Stefan Zweig reviews Thomas Mann's Lotte in Weimar [Lotte in Weimar: The Beloved Returns] (1940)

Review: Stefan Zweig of Lotte in Weimar
Stefan Zweig, manuscript of his review of Thomas Mann's novel Lotte in Weimar, 1940
Deutsches Exilarchiv 1933-1945 der Deutschen Nationalbibliothek, EB autograph 12

Stefan Zweig reviews Thomas Mann's Lotte in Weimar [Lotte in Weimar: The Beloved Returns] (1940)

“Consummate in its proportions”

“A masterpiece”, concluded Stefan Zweig in his review of the novel by his colleague Thomas Mann. His humoristic romantic novel Lotte in Weimar, published in German in 1939 by the Stockholm-based exile publishing house Bermann-Fischer, walks a line between reverence for Goethe and a certain mockery of him.

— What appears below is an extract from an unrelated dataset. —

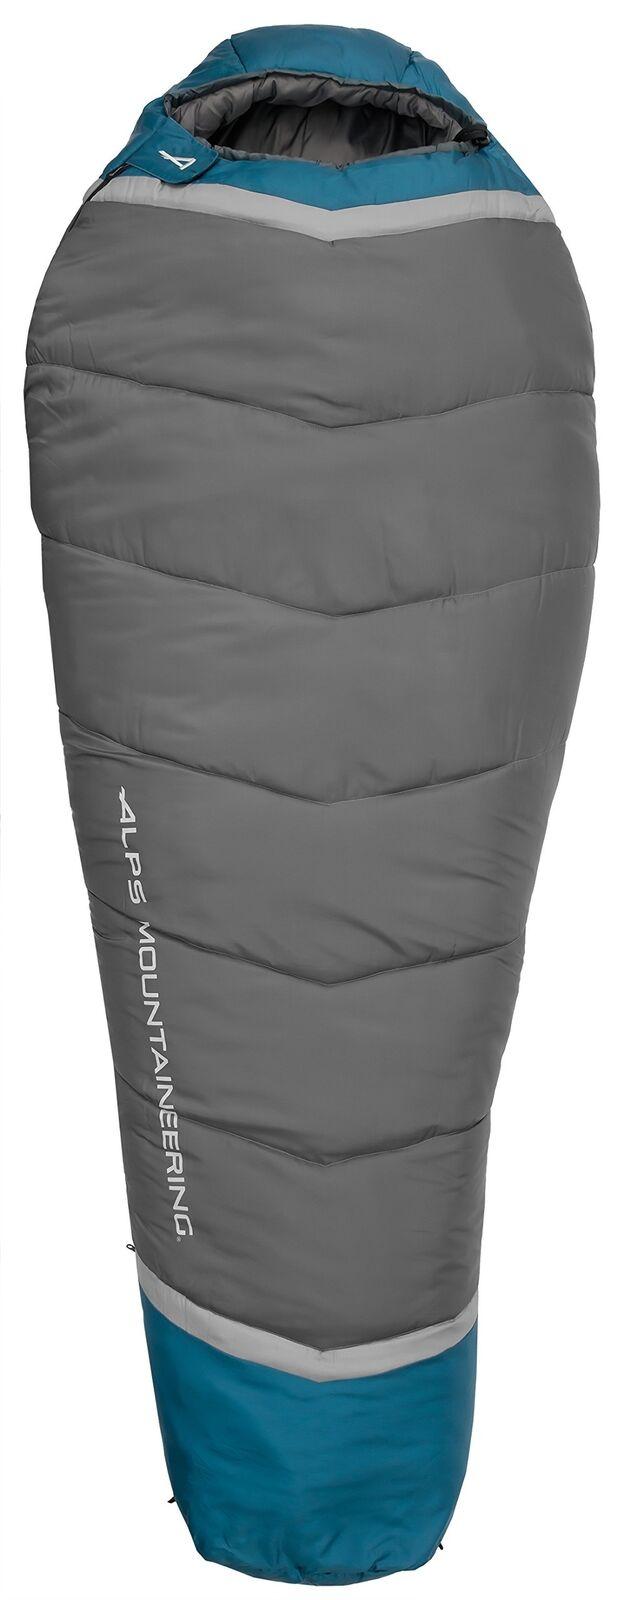 ALPS Mountaineering Blaze 0 Degree Mummy Sleeping Bag Regular

Since autumn 1946 Thomas Mann had worked on the novel and had created a story in which the love of Goethe's youth, Lotte, returned to Weimar 44 years later to meet the prominent bard. One part of the multifaceted work deals with Goethe's deliberations about Germany. Thus Goethe appears as a representative of a better Germany when he says, “They think they are Germany – but I am [...].” In exile, Mann's Goethe novel thus becomes an important reference point in the search for an “other Germany”.

Zweig emphasises the value of this debate in his review when he writes, “We should be thankful that we were able to receive this book now whereas the others in Germany, who within themselves have remained in Goethe's Germany, will only receive it as compensation for the war and their suffering.” In another version he changes “the others in Germany” by hand to “those others in actual exile” and thus uses the term exile in an unexpected context. (ed. trans.)

Thomas Mann was not alone in his fixation on Goethe. Many other artists dealt extensively with Goethe while in exile, for example Emil Ludwig's Goethe-book or theatre productions by the Viennese cabaret Laterndl in London.